Brazil represented by Military Sports Commission of Brazil (Portuguese: Comissão Desportiva Militar do Brasil - CDMB) part of the Military Sports Department (Portuguese: Departamento de Desporto Militar - DDM) of Ministry of Defence (Portuguese: Ministério da Defesa) is member of Conseil International du Sport Militaire (CISM).
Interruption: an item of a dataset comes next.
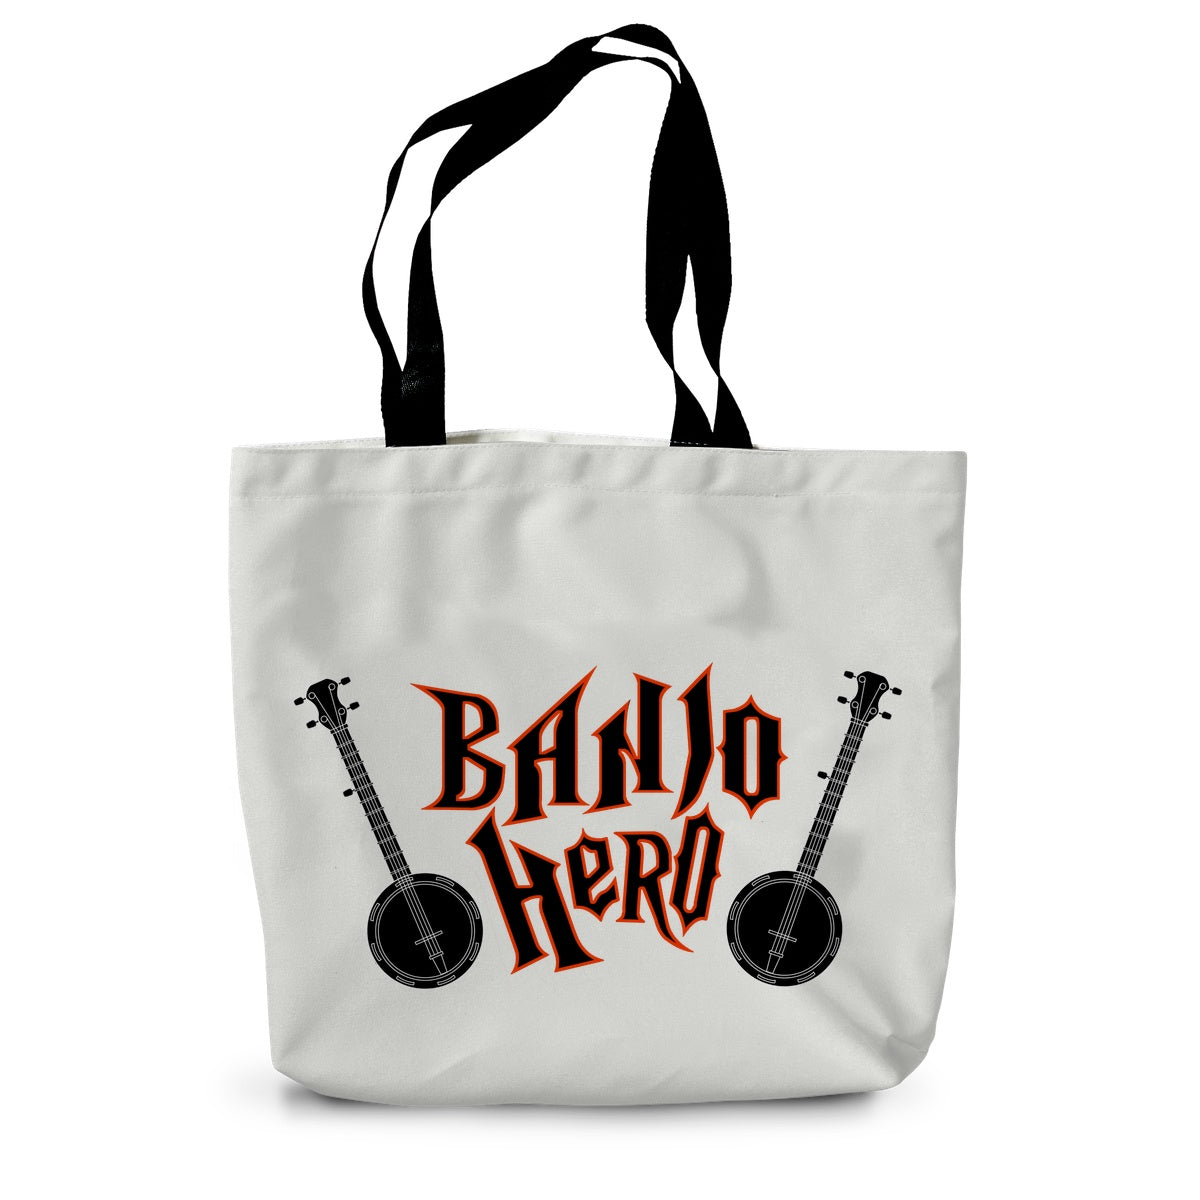 Banjo Hero Canvas Tote Bag

In 2011, the CMDB organized the 5th CISM Military World Games in Rio de Janeiro.

Brazil has participated in all the Summer Military World Games since the beginning in 1995. Brazil is 4th on the all time medal table.

==Medal table==

===By championships===
- Red border color indicates tournament was held on home soil.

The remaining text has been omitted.